La perfusion continue de GLP1 agit sur la sécrétion des hormones pancréatiques. Elle a pour effet :

d’augmenter la concentration d’insuline ;

de diminuer la concentration de glucagon.

L’insuline est une hormone hypoglycémiante alors que le glucagon est une hormone hyperglycémiante.

L’action de GLP1 sur la glycémie est donc due à une stimulation de la sécrétion d’insuline par les cellules bêta et à l’inhibition de celle du glucagon par les cellules alpha du pancréas.

Le document 3 montre également qu’au bout de deux heures, l’action de la GLP1 sur les cellules alpha et bêta diminue, bien que la perfusion soit la même. Elle devient presque nulle lorsque la glycémie est devenue normale (0,9 g/L). L’action de cette hormone sur les cellules pancréatiques est donc importante lorsque la glycémie est élevée et diminue lorsque celle-ci baisse. Cette hormone GLP1 ne risque donc pas d’entraîner une hypoglycémie

III. Deuxième effet de GLP1

On peut penser que les rats Zucker, comme les patients diabétiques, ont un pancréas avec un nombre réduit de cellules bêta fonctionnelles.

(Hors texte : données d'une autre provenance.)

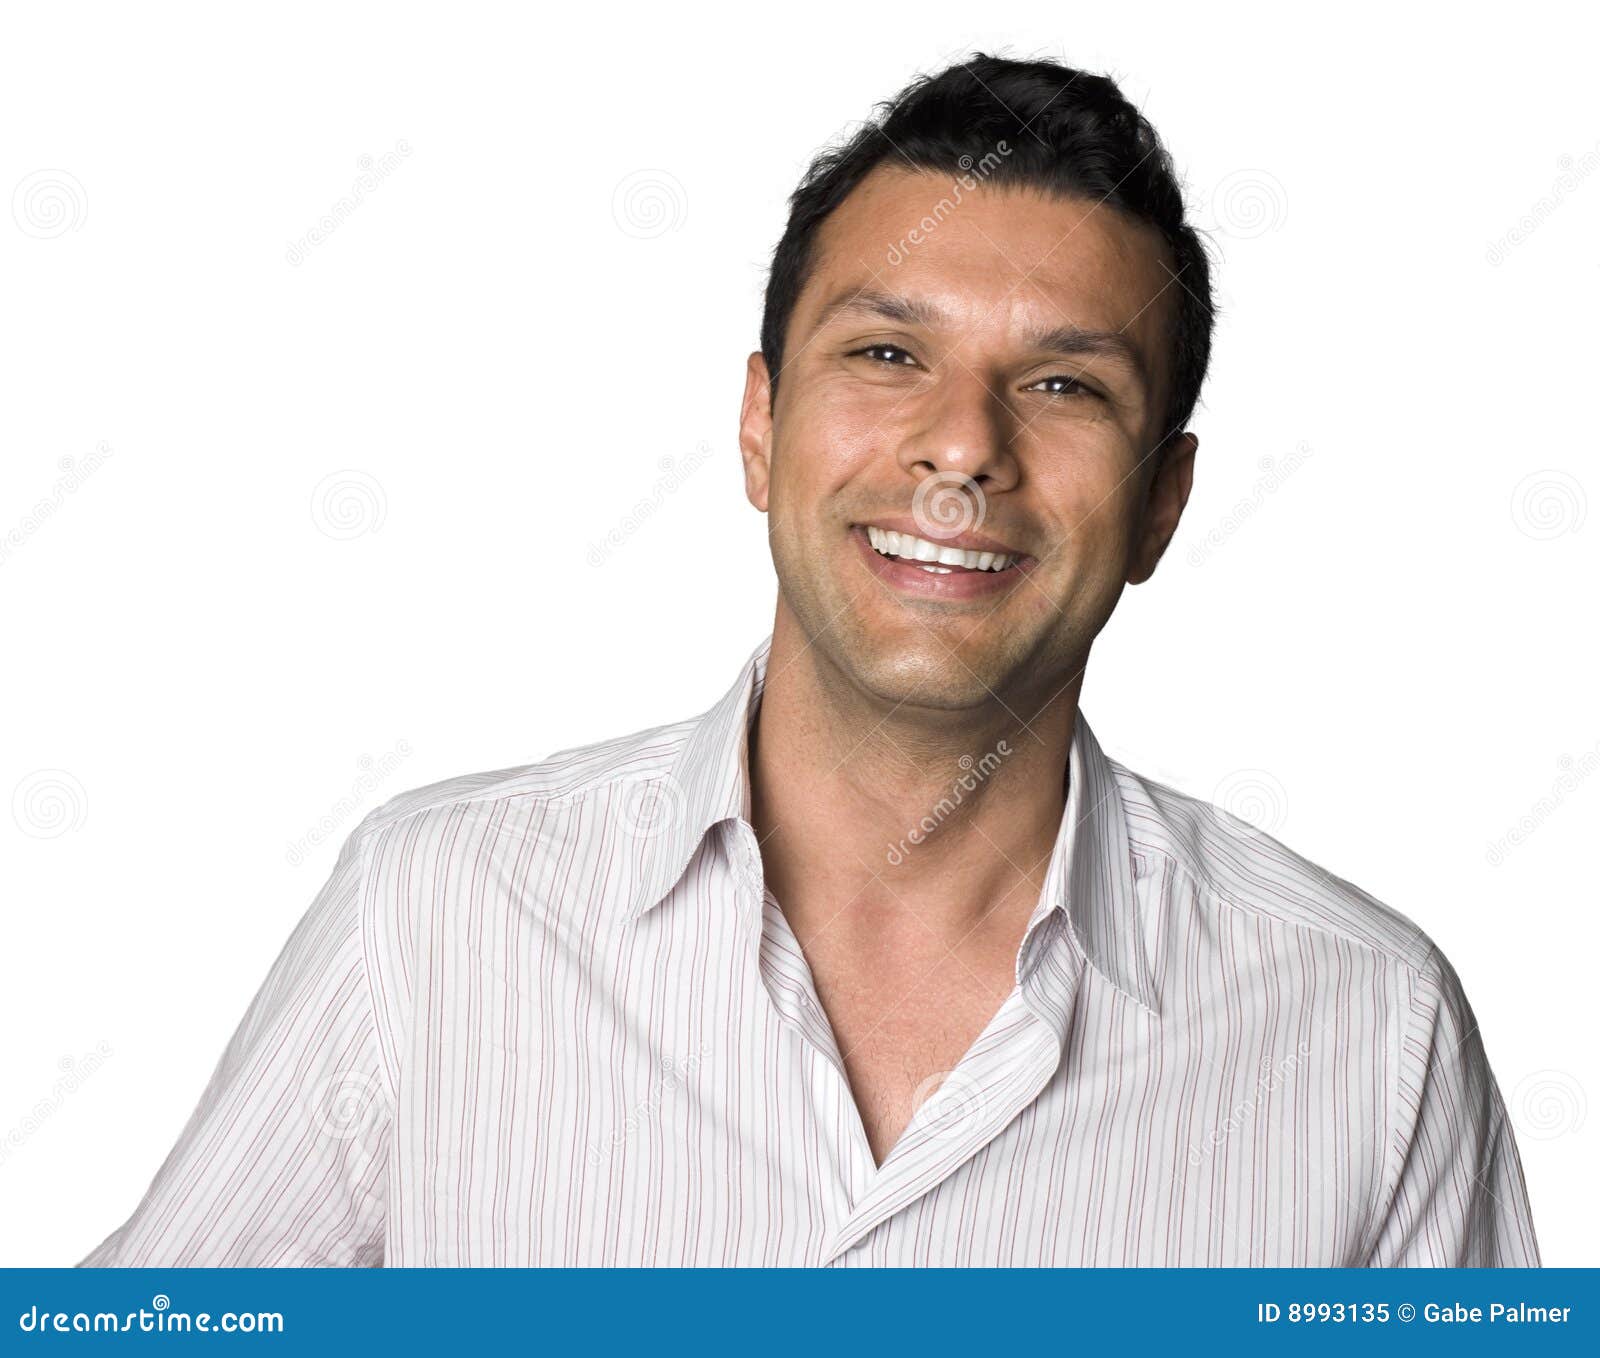 latino man smiling

Le pourcentage de cellules bêta en prolifération – donc en cours de division – passe de 1,3 % à 1,8 % environ sous l’action de GLP1, soit une augmentation de plus de 30 %. Cela entraîne une augmentation de la masse des cellules bêta du pancréas qui passe de 7,5 mg à 12 mg environ. La GLP1 stoppe la destruction des cellules bêta mais elle rétablit au moins partiellement – en un temps non précisé dans le document –, leur nombre. La GLP1 augmente donc les capacités de production d’insuline du pancréas du rat diabétique.

Bilan

La GLP1 est une hormone qui, très rapidement, stimule la sécrétion d’insuline et inhibe celle du glucagon lorsque la glycémie est élevée. À plus long terme, elle entraîne une augmentation du nombre de cellules bêta et, par-là, augmente les capacités de production d’insuline par le pancréas des diabétiques.

Ces propriétés hypoglycémiantes font qu’elle pourrait être utilisée, a priori, dans le traitement des diabétiques de type II présentant une sécrétion de base d’insuline.

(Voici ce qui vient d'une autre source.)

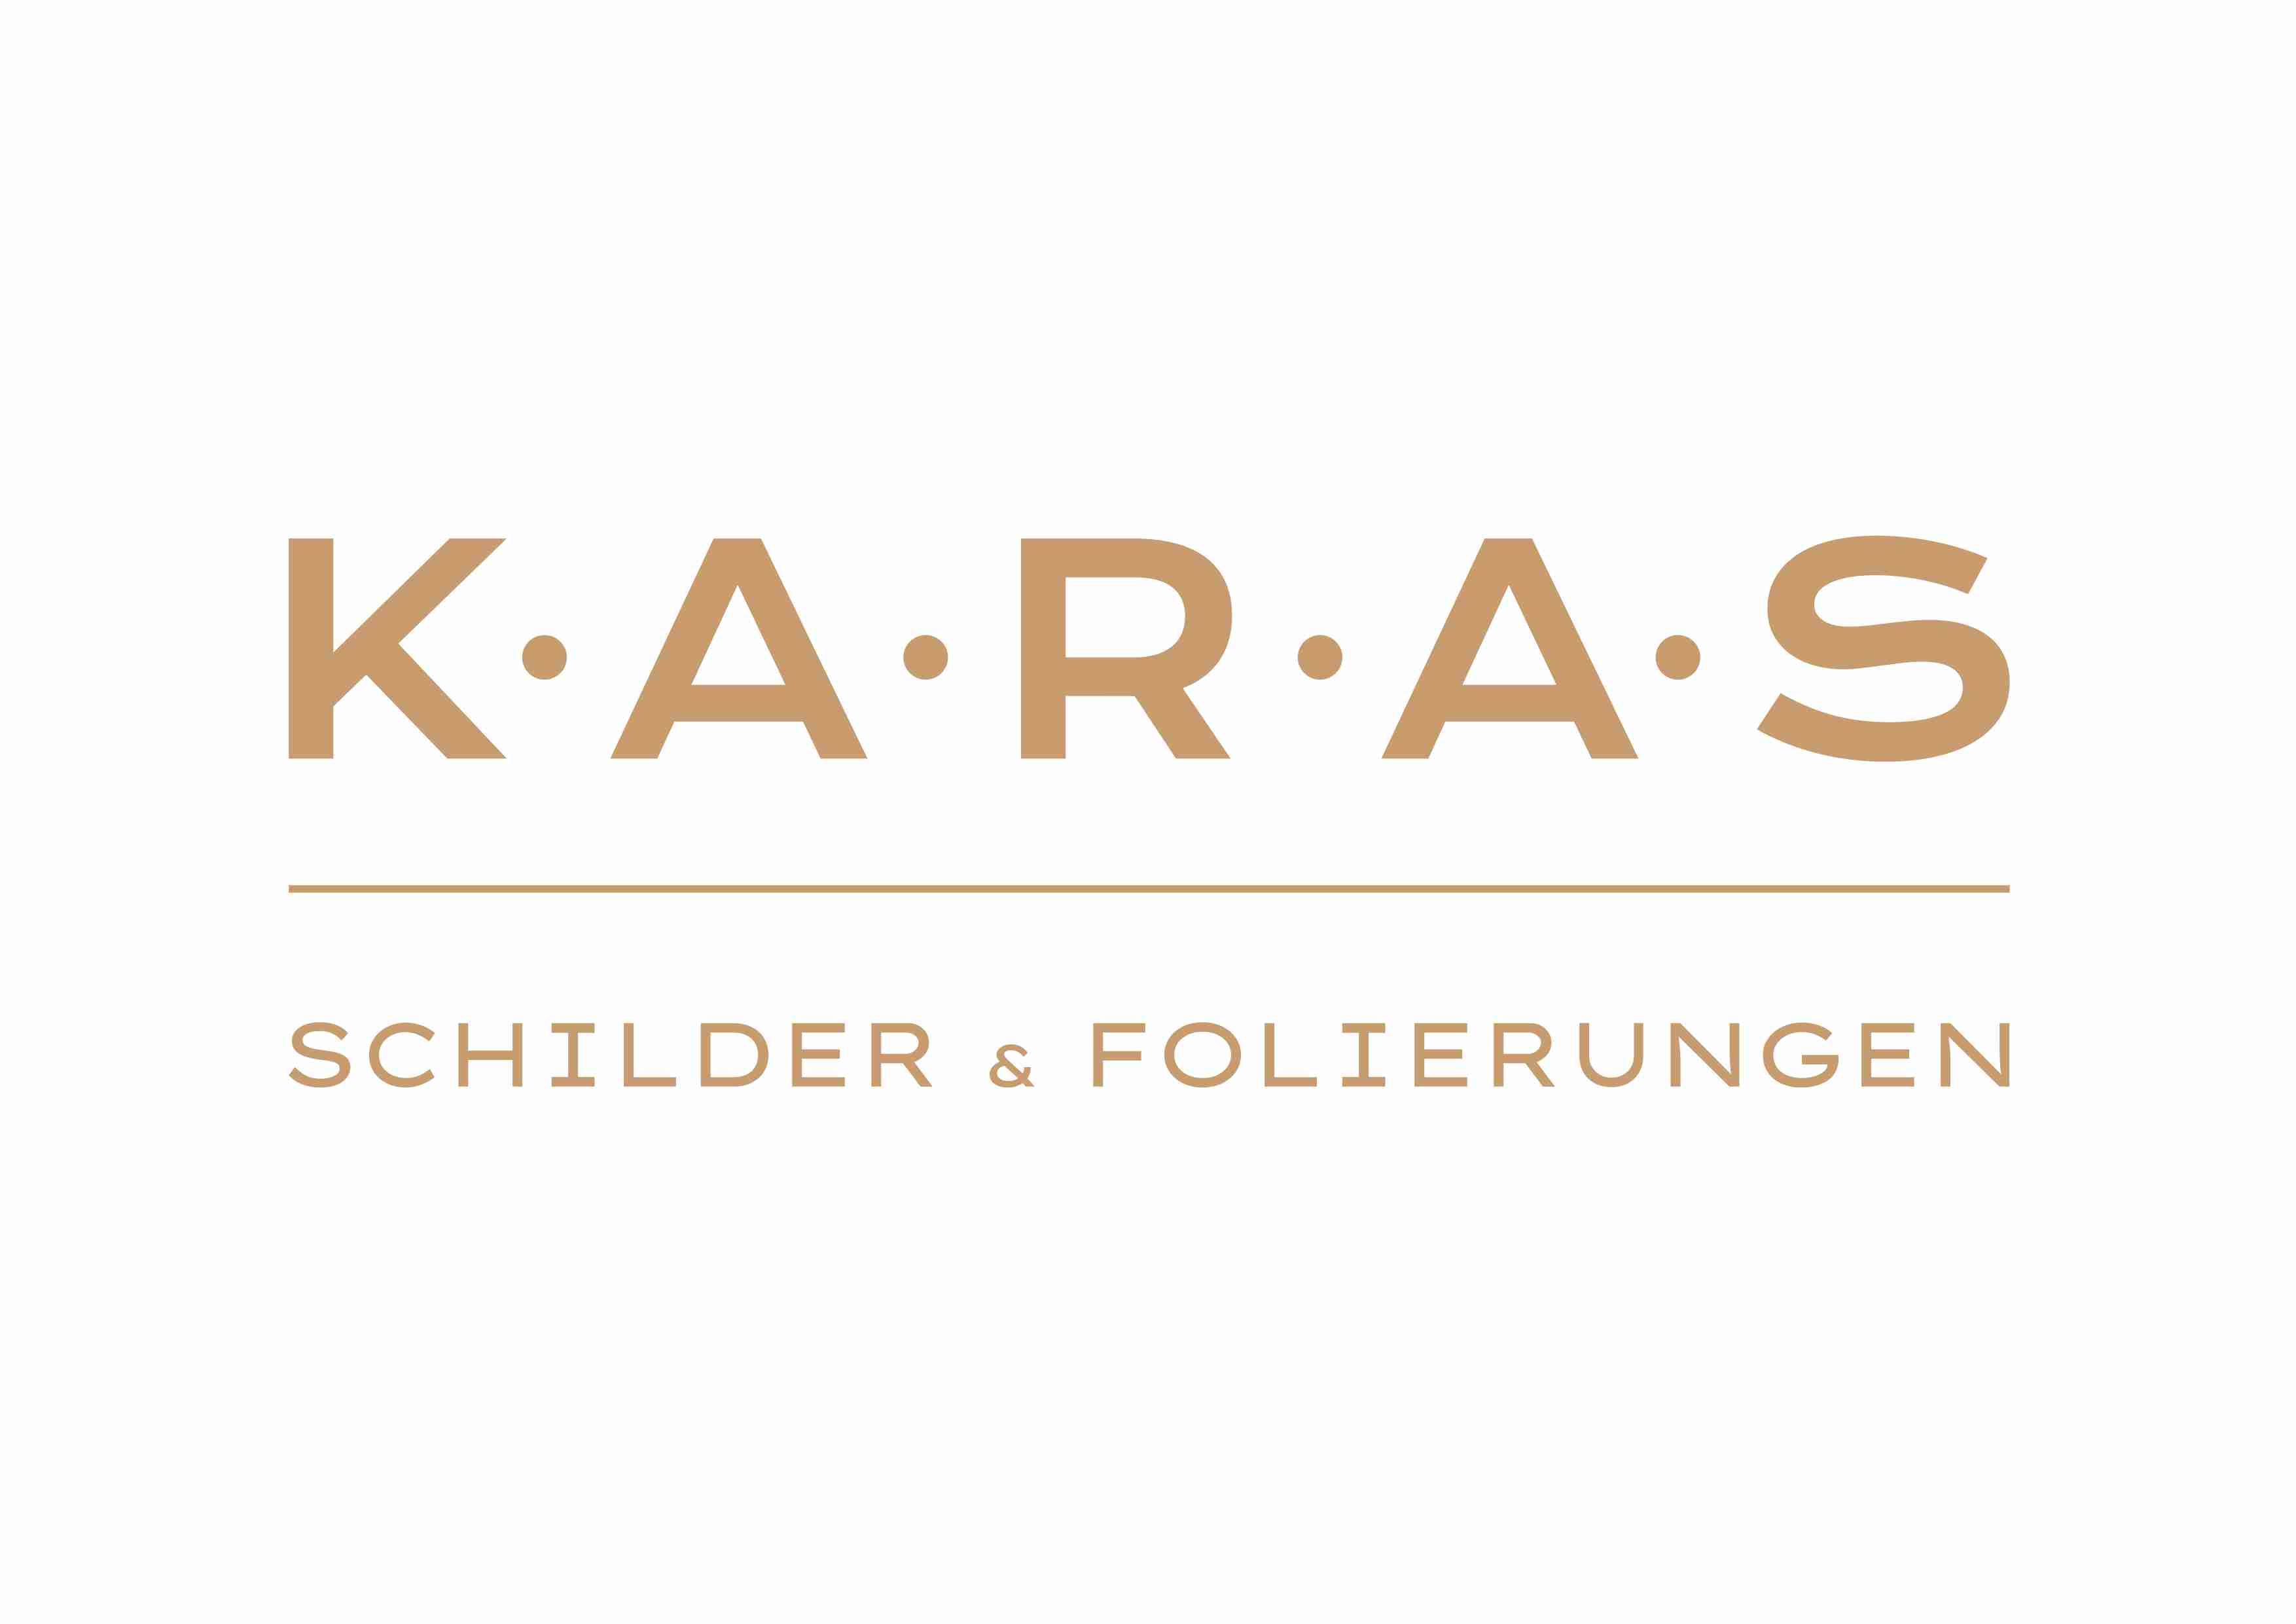 KARAS GmbH & Co KG

Physiologiquement, cette hormone est produite après un repas, donc à un moment où la glycémie risque d’augmenter ; mais son efficacité est limitée dans le temps car, comme l’indique le document 2, elle est rapidement inactivée (dégradation en deux minutes). On peut donc penser qu’il en serait de même pour la GLP1 injectée dans l’organisme. Cela limite son utilisation comme médicament antidiabétique.

Remarque

Notez que, dans l’expérience du document 3, on réalise une perfusion continue de GLP1, ce qui compense sa destruction.

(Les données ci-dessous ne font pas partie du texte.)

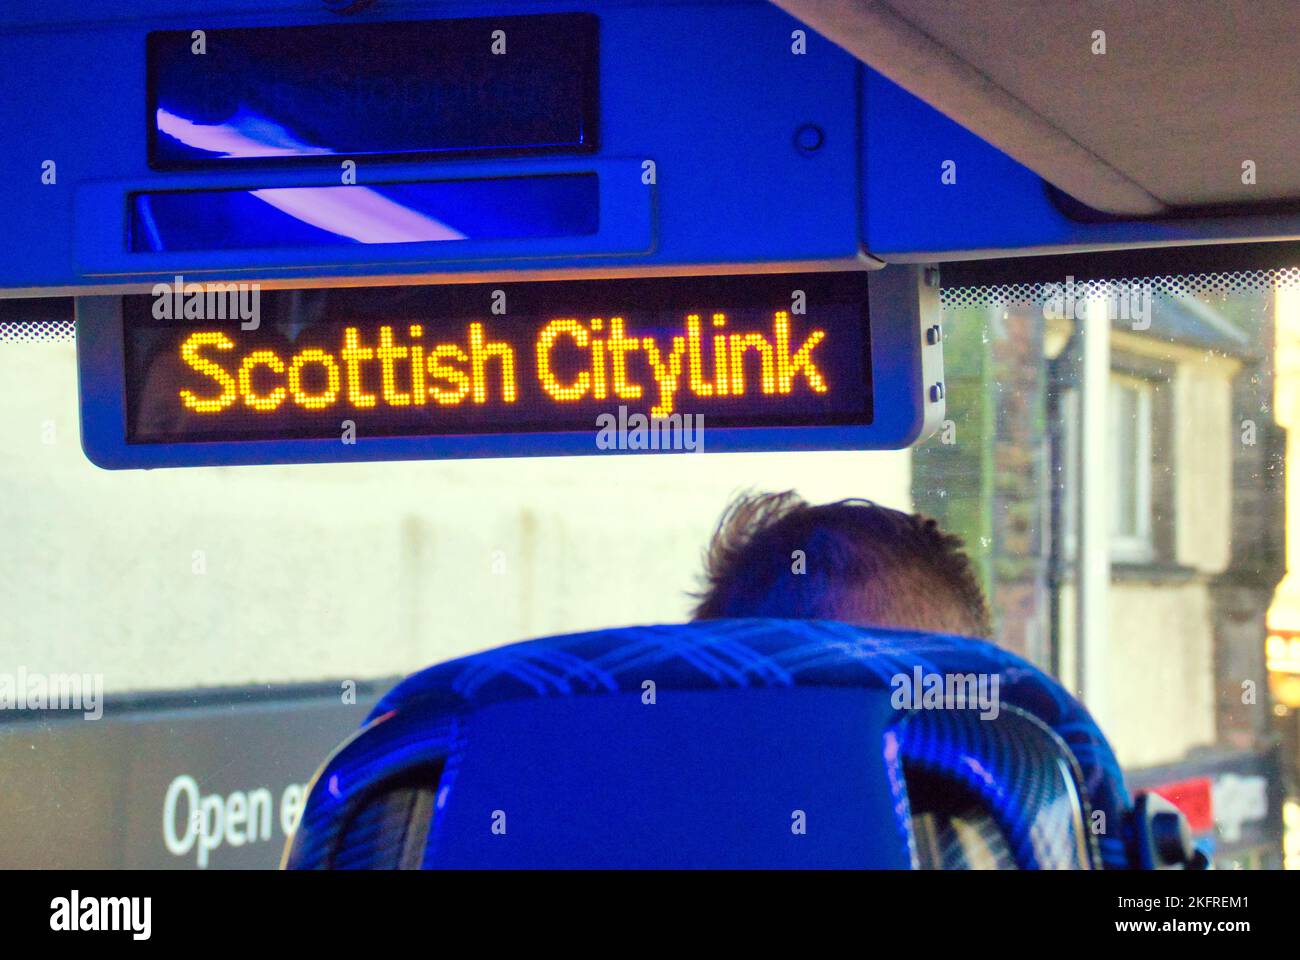 Panneau d'arrêt de bus Scottish citylink allumé Banque D'Images

La sitagliptine, en inhibant l’enzyme DPP4, s’oppose à la dégradation de GLP1 sécrétée naturellement après un repas. Elle entraîne une augmentation de sa durée de vie et par là de sa concentration. Ainsi, l’action hypoglycémiante de GLP1 est prolongée et plus intense, ce qui limite les risques d’hyperglycémie des diabétiques. En outre, cette action plus durable et plus forte de l’hormone GLP1 grâce à la sitagliptine a pour effet de rétablir, au moins partiellement, le contingent de cellules bêta fonctionnelles du pancréas.